Pero también sirven las palabras y los textos. «La importancia de esas catástrofes nos interpela», dijo Benedicto XVI el 9 de junio de 2011 en su encuentro con seis nuevos embajadores ante la Santa Sede. «El hombre es lo primero, conviene recordarlo. El hombre, a quien Dios ha encomendado la buena gestión de la naturaleza, no puede ser dominado por la técnica y quedar sujeto a ella. Esta toma de conciencia debe llevar a los Estados a reflexionar juntos sobre el futuro del planeta a corto plazo, ante su responsabilidad respecto a nuestra vida y a las tecnologías. La ecología humana es una necesidad imperativa. Adoptar en toda circunstancia un modo de vivir respetuoso del medio ambiente y apoyar la investigación y la explotación de energías adecuadas que salvaguarden el patrimonio de la naturaleza y no impliquen peligro para el hombre deben ser prioridades políticas y económicas. En este sentido, resulta necesario revisar en su totalidad nuestra actitud ante la naturaleza. Esta no es solo un espacio explotable o para disfrutar. Es el lugar donde nace el hombre, su “casa”, de algún modo».[1]
Detrás de la imagen aceptada de intelectual de primera línea, creo que podemos distinguir otra figura interesante: algunos han llamado a Benedicto XVI «el papa verde». ¿Es así, realmente? Hace ya mucho tiempo que los pontífices hablan de ecología: encíclicas, mensajes y discursos abordan con insistencia el problema de la responsabilidad humana hacia la naturaleza y el clima. Pero parece como si hubiera una pantalla que tornara inaudibles sus palabras. ¿Por qué? Existen causas estructurales que pueden explicar esta deficiencia. Los parámetros católicos —la larga duración, la paciencia, la maduración, el arraigo— son distintos de los habituales en las sociedades occidentales, que aprecian la instantaneidad, lo efímero, el ansia de progresar a cualquier precio.[2]

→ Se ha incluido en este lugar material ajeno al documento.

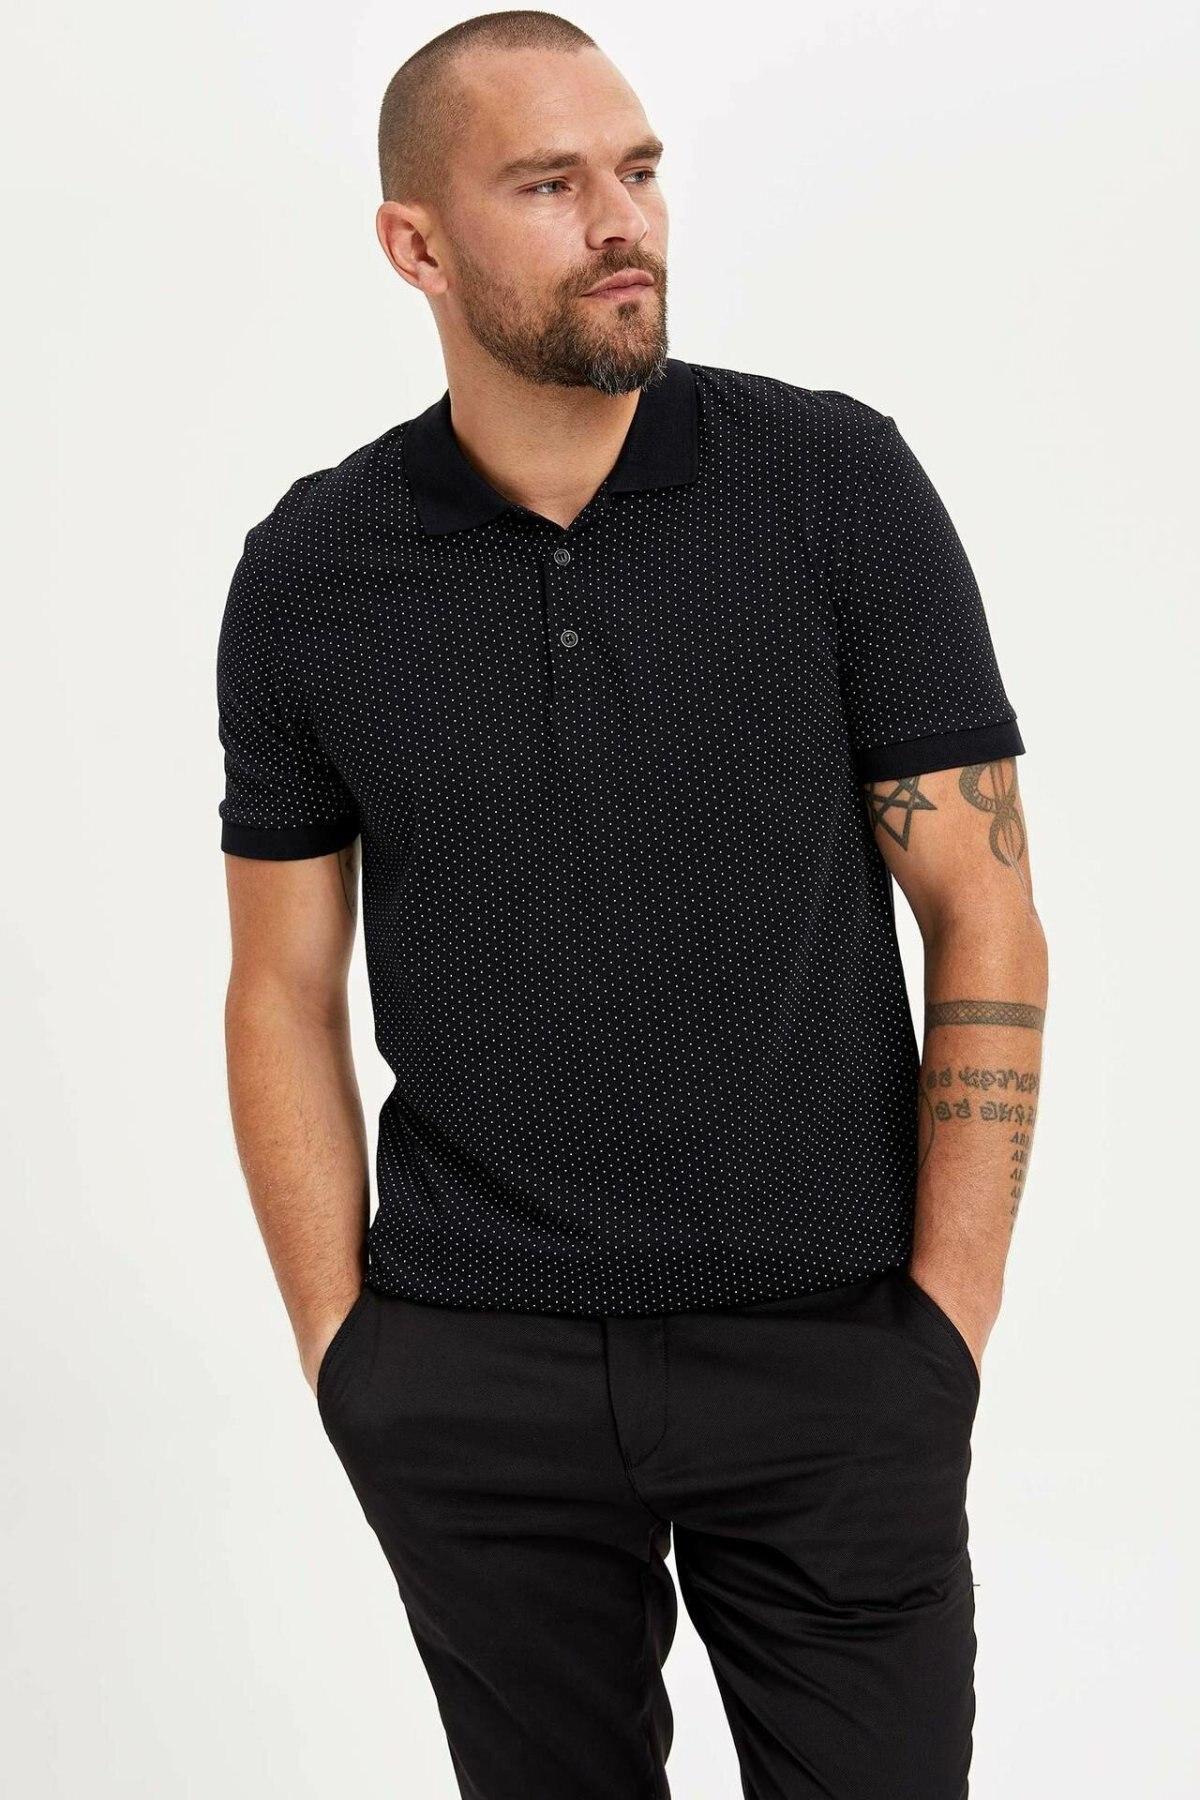 DeFacto Men Summer Solid Color Fit Cotton Top Tees Shirt Male Casual Black Pink Fashion Short Sleeve Male Shirt-L4772AZ19SM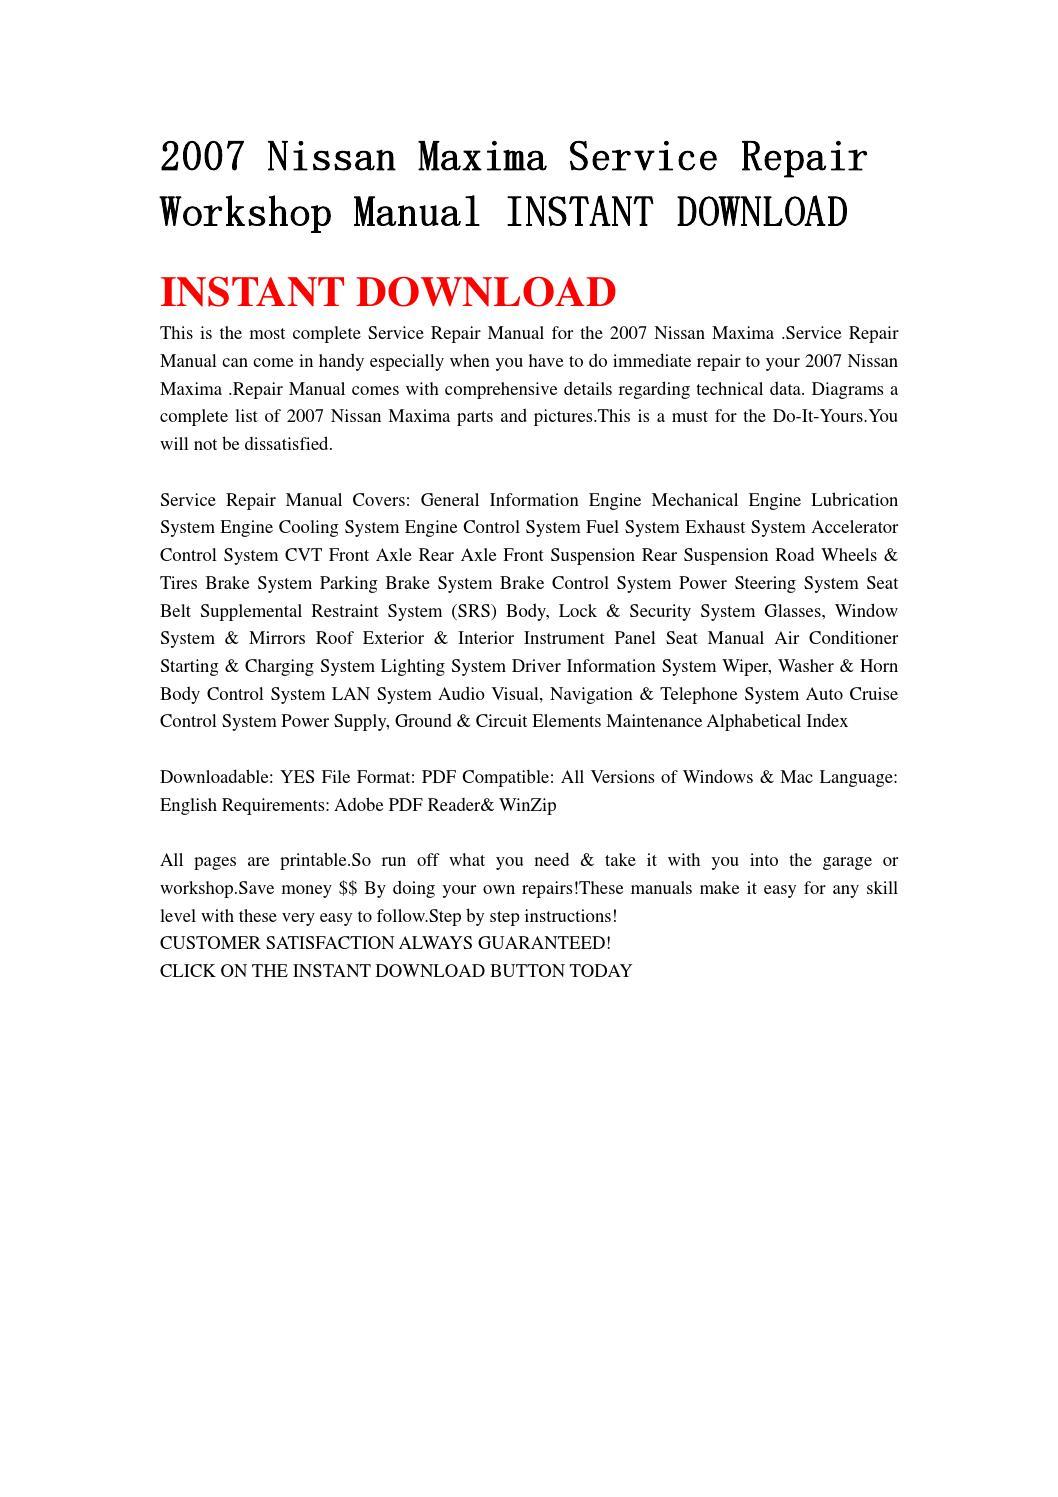 2007 nissan maxima repair manual

Hay una segunda dificultad, más temible. Adopta la forma de una argumentación que se repite con frecuencia y se presenta como un reproche: el cristianismo habría proporcionado la matriz ideológica de una cierta modernidad que, por el hecho de considerar la naturaleza como una fuente éticamente muda y de recursos inagotables, ha concebido el progreso como un desarrollo y un crecimiento casi infinitos. La argumentación contiene parte de verdad. Ha habido efectivamente una corriente de pensamiento que sin duda ha desempeñado este papel, y que se ha presentado como la versión moderna del cristianismo. El hombre sería el centro del universo, al que debe someter con el genio de su ciencia y su técnica. Esta visión se funda en la filosofía y la concepción mecanicista de Descartes, a partir del siglo XVII, y se desarrolla en la teología llamada liberal. Esta última, a menudo de origen protestante, presenta el cristianismo como una religión radicalmente distinta de todas las demás.
Las religiones paganas tradicionales proponían una relación estrecha y armoniosa entre el hombre y la naturaleza, habitada a menudo por formas superiores. Ofrecían un ideal de vida bajo la forma de una sabiduría ancestral. Según la corriente aquí descrita someramente, el cristianismo es esencialmente una religión histórica, porque Dios intervino en la historia de los hombres. Por consiguiente, para comprender el sentido de la existencia humana, hay que mirar hacia la historia y no hacia la naturaleza, hacia el futuro y no hacia el pasado, hacia la profecía y no hacia la sabiduría.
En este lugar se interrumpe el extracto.